Delhi denies digital ID for booze, ID cards mandatory

Delhi is aiming to crack down on underage drinking by tightening age verification rules and requiring establishments to check a physical copy of a government-issued ID.

The only digital IDs that will be permitted in the city, where the drinking age is 25, are those stored in the government’s Digilocker portal, according to reporting from the Economic Times.

In a reversal of the standard story in which mobile IDs are more secure than easily tampered-with physical identity documents, the government says the move is to prevent the use of fraudulent or edited digital IDs.

UK barkeeps to accept digital IDs for age assurance

Elsewhere in the world, trends are moving in the opposite direction.

In the new year, UK retailers are set to start accepting digital IDs for age assurance in alcohol sales.
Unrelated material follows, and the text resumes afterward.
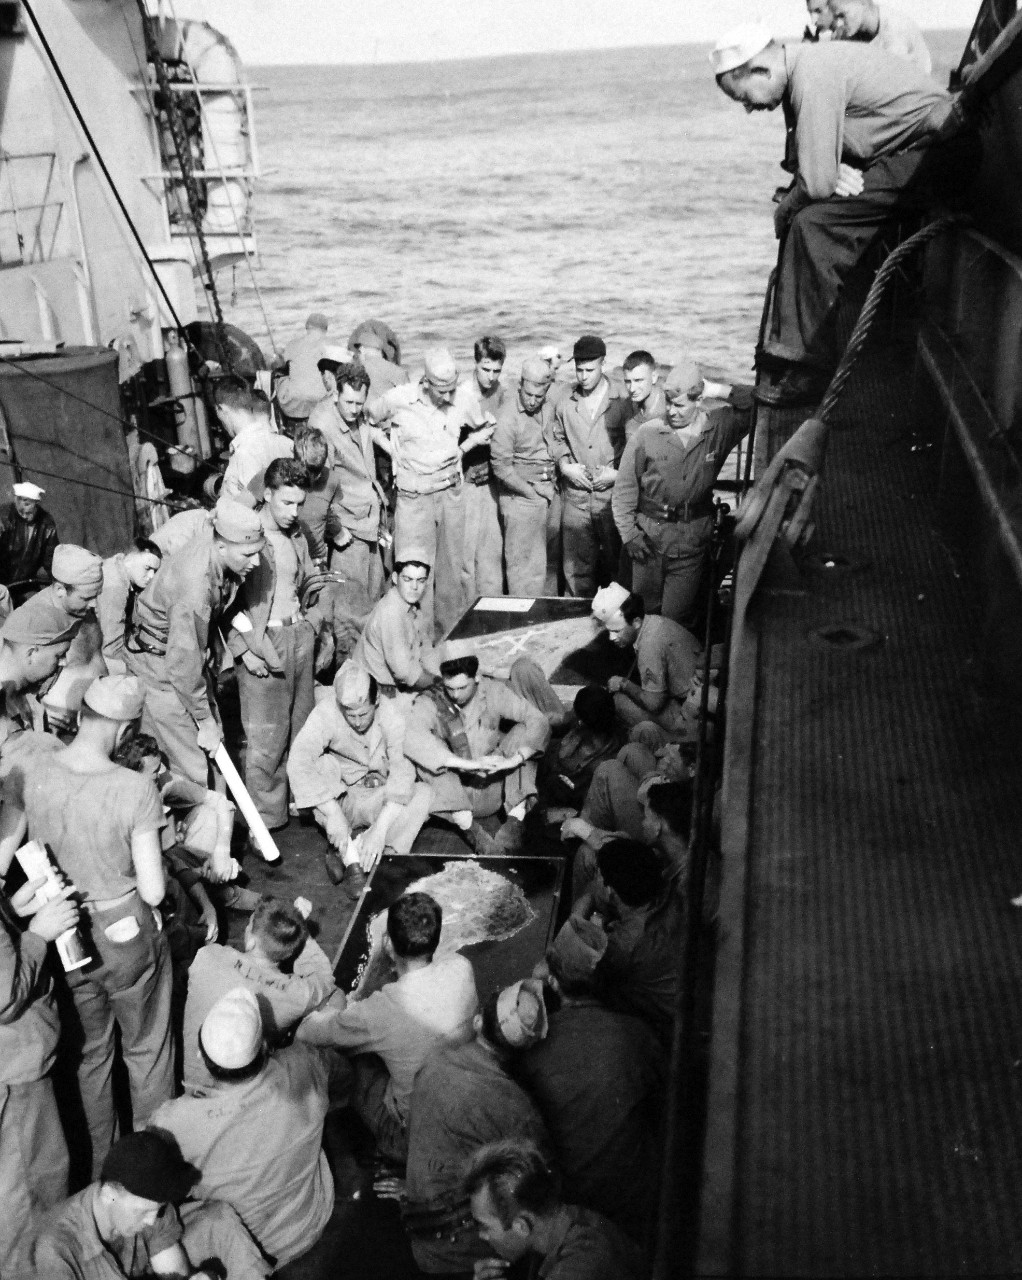 127-GW-302-109423:  Battle for Iwo Jima, February-March 1945.   A briefing class on the target of the troops is held by Captain K. Chandler on board ships, the men were told what their target was as soon as they sailed.    Photographed by Dodds onboard USS Cecil (APA-96), February 2, 1945.  Official U.S. Marine Corps photograph, now in the collections of the National Archives.  (2016/02/17).

Staff at pubs, clubs and retail outlets will be able to perform age assurance checks using QR codes or contactless technology.

The initiative follows the successful rollout of digital age verification in UK cinemas through the GOV.UK One Login system, as the Kier Starmer government takes up the reins on the nation’s wider digital transformation.

Istanbul wants facial recognition surveillance of alcohol sales

Meanwhile, in Türkiye’s capital, businesses selling alcohol and cigarettes are now required to install facial recognition cameras and to store biometric data for at least a month.

A report from DuvaR.English says the Istanbul Governorship issued a notice to liquor stores and other businesses requiring camera systems to be installed “to monitor and record the sales area, all entry and exit points, and parking lots, if any, from various angles.”

The facial recognition cameras must be effective in low light or nighttime conditions and able to operate constantly.

While the set-up sounds much like a CCTV system for real-time biometric surveillance and security monitoring, the stated goal is more like an ambient, panopticon-esque form of age assurance: the governorship says its goal is “protecting minors under 18 from harmful habits such as alcohol and cigarettes.”

The rule goes into effect on January 1 and comes with penalties under the “non-compliance with orders” clause of the Misdemeanor Law.

Security, privacy, convenience, surveillance all part of biometric kebab

Türkiye occupies a balance point between biometric innovation and a government with autocratic tendencies, embodied in president Recep Tayyip Erdoğan.

According to research from Norton Rose Fulbright, in Istanbul and other large cities “security systems such as hand geometry recognition, iris or fingerprint scans are widely used to enter office buildings, new residential complexes and even luxury gyms.”

And there are data protection laws on the books. “Under the Turkish data protection regime, personal data may not be processed without the data subject’s explicit consent. Biometrics are treated as sensitive data under the Data Protection Law and are subject to the rules applicable to protection of sensitive personal data.”

And yet, Türkiye has danced with questionable uses of facial recognition technology before. In 2023, the country’s minister of interior faced a data privacy lawsuit after going on air to show off a state-developed mobile app with facial recognition capable of identifying everyone in the country.